There is ample evidence that online assessments are more valid than off-line assessments of metacognitive skills. Nevertheless, all online assessments make inferences about metacognitive self-instructions, albeit to a different extent. The think-aloud method is a powerful tool for assessing monitoring and control information flows. Yet, protocols may be incomplete and researchers have to fill in the gaps by making inferences about relations between both information flows. The same is true for observations that include the learner’s verbalizations. More far-reaching inferences need to be made for observations without verbalization, eye-movement registration, and logfile analysis as these methods only access information about concrete, overt behaviors on the object level of Nelson’s model. For two contingent events, the researcher has to infer the causal relation between the two events and their metacognitive nature. First, one needs to infer that the first event represents the condition part of a production rule. Next, one needs to infer that the second event corresponds to the action part of the same production rule. Finally, the metacognitive function of the entire production rule has to be inferred. Contingencies in time may offer a plausible but not sufficient reason for making these inferences (cf. Winne, 2010). A further complication is that the conditions for evoking a control event may not become manifest in trace logs, either because the conditions of a production rule are activated by mental operations that are not accessible with trace data or because the tracing system is not sensitive to a particular event. Here is a major challenge that researchers of trace data in computer-based learning environments are facing: extracting an appropriately contextualized (i.e., neither overly general nor overly specific) set of conditions from multiple data points.

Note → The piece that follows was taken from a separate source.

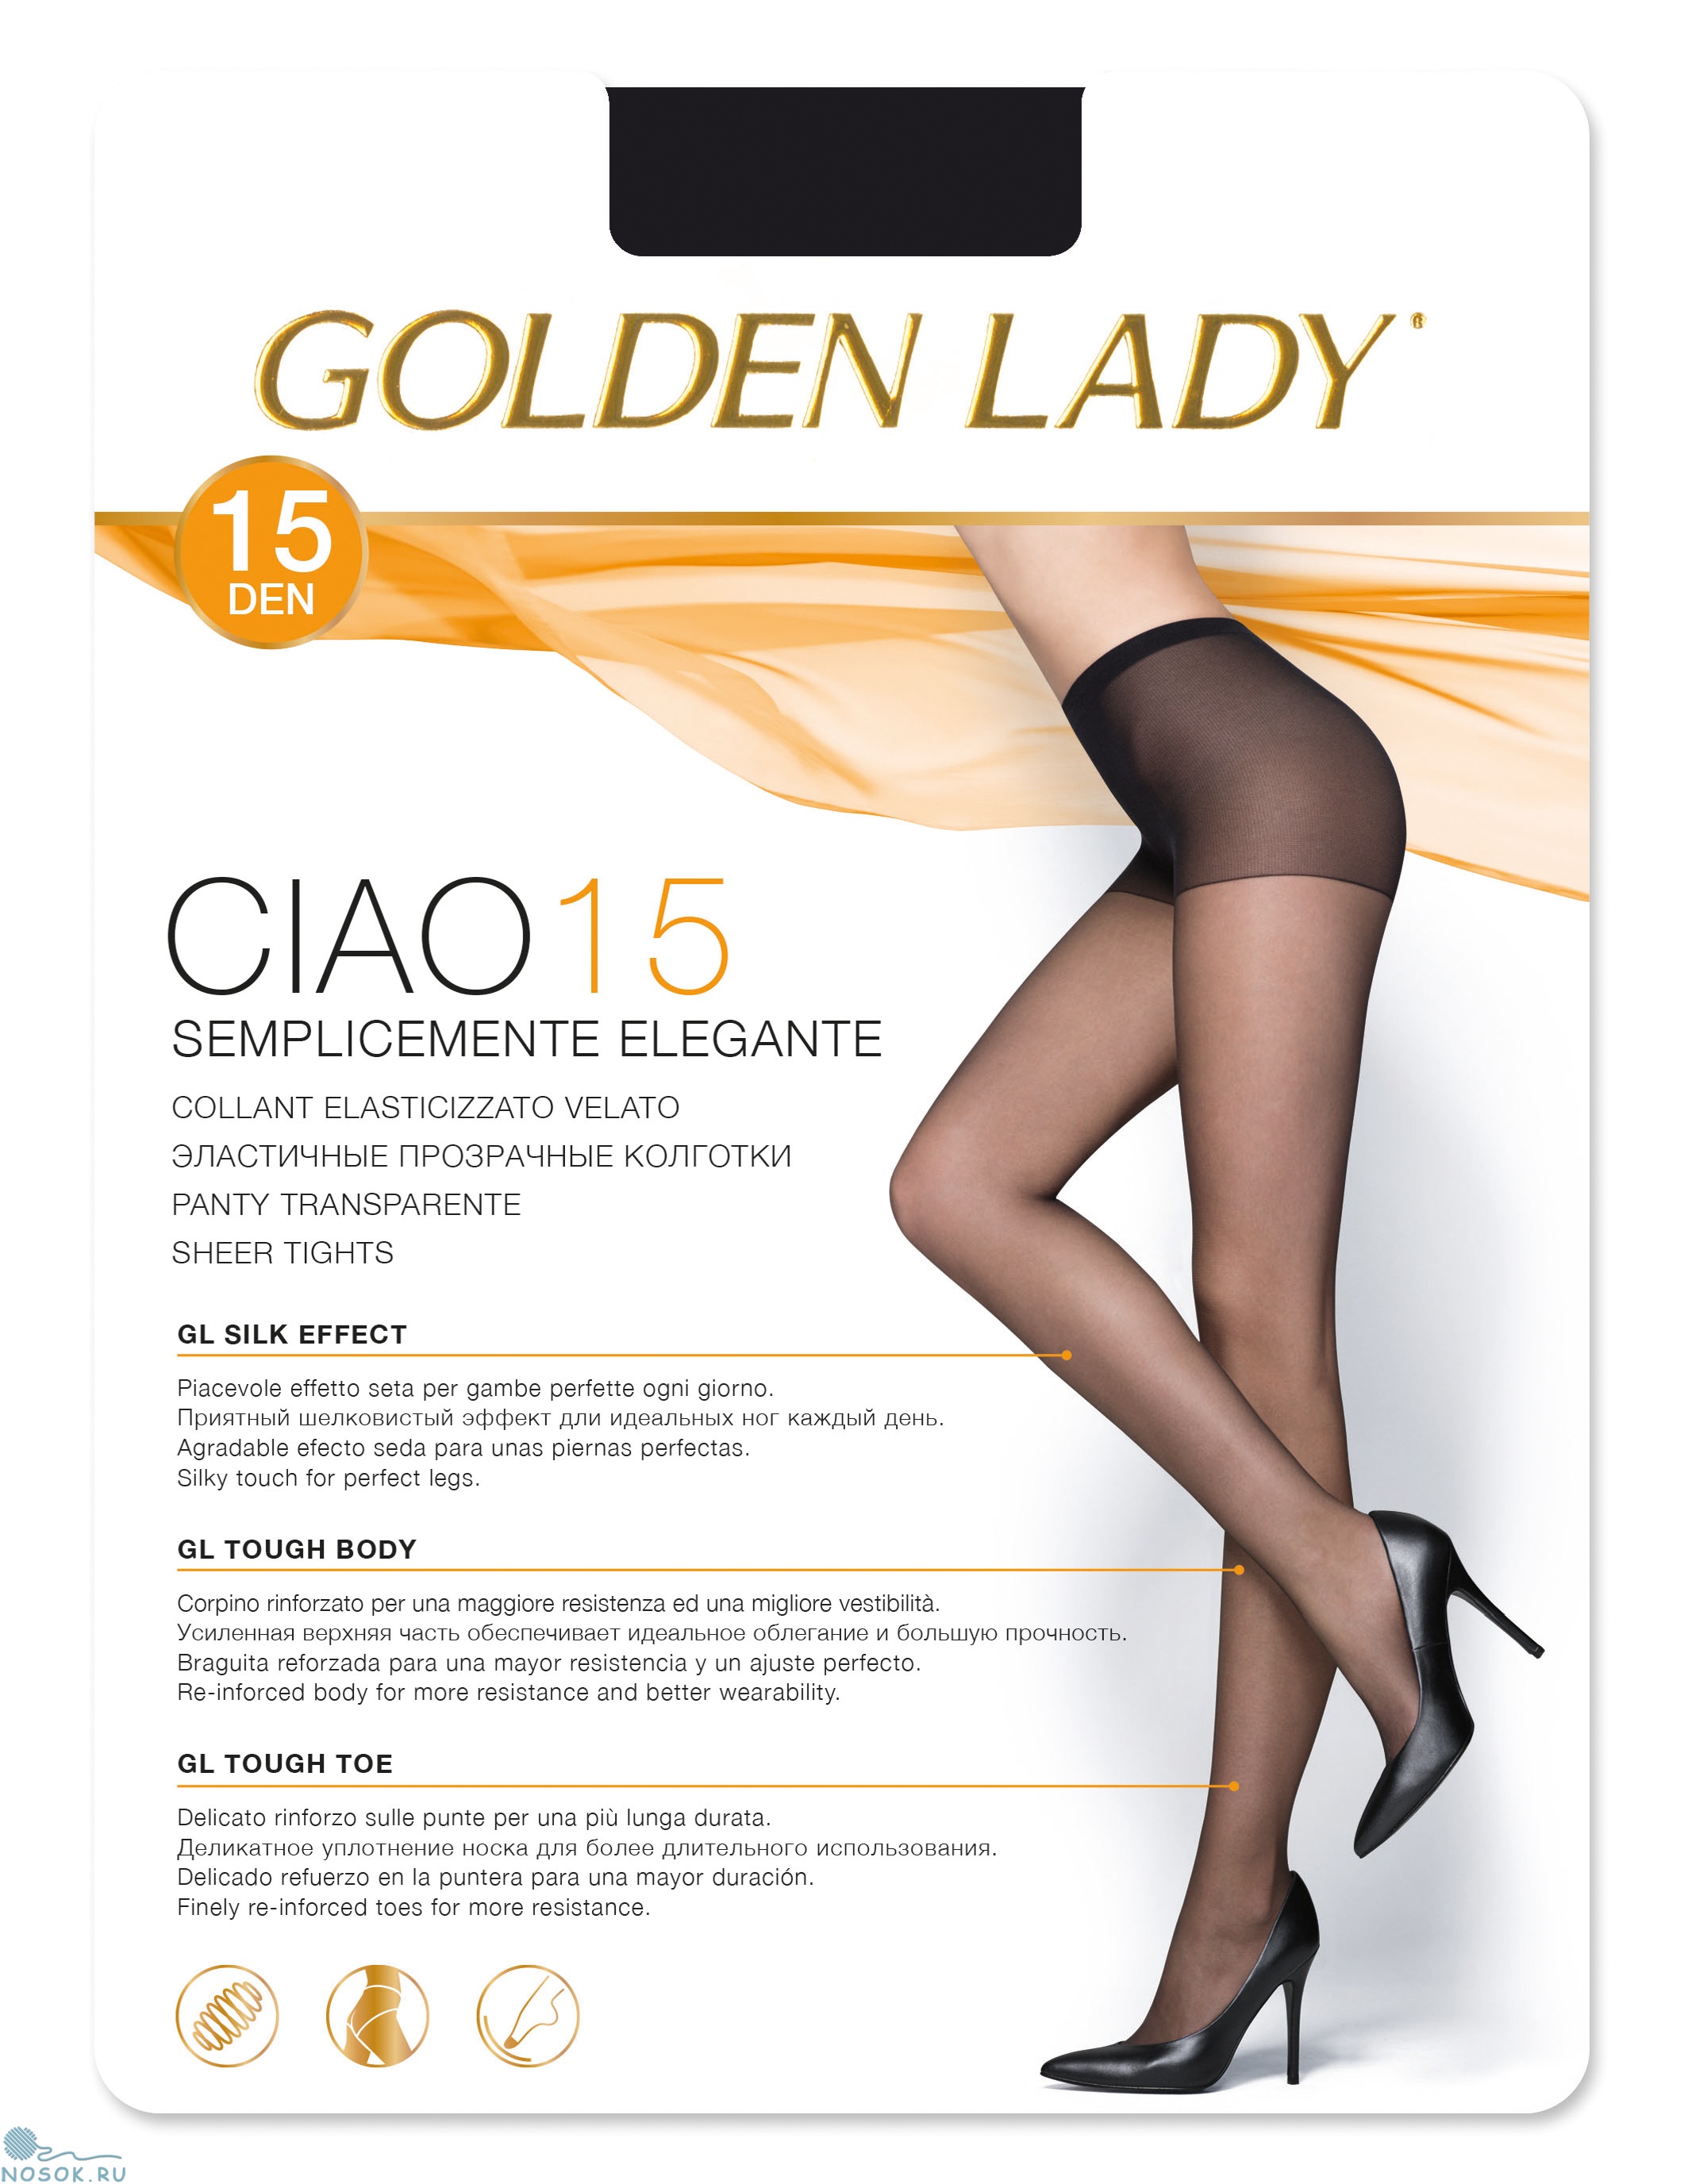 Golden Lady Ciao 15, колготки

Logfile assessment is an unobtrusive method for gaining access to events in detail on the object level, which assessments can be done on a large scale and over extended periods of time. Logfile analysis allows for different levels of granularity in assessment, ranging from tracing the occurrence of separate events to detecting patterns of contingent events. Although scarcely out of the egg, tracing events can be used for attuning feedback and scaffolding of metacognitive functioning to individual needs (Aleven et al., 2010; Azevedo et al., 2010; Gress et al., 2010) and for verifying that these interventions have been successful (Veenman, 2007). However, validation of logfile events with other online assessments is prerequisite to making justified inferences about the metacognitive nature of those events. Ultimate assessments would include different online methods rendering data that are aligned in time and produce converging results. Like a converging lens that directs rays of light to a focal point, even the focal distance may change due to learning experiences. Unfortunately, multi-method research in metacognition is scarce so far (Veenman, 2011; Veenman et al., 2006). Metacognition researchers should sharpen their lenses.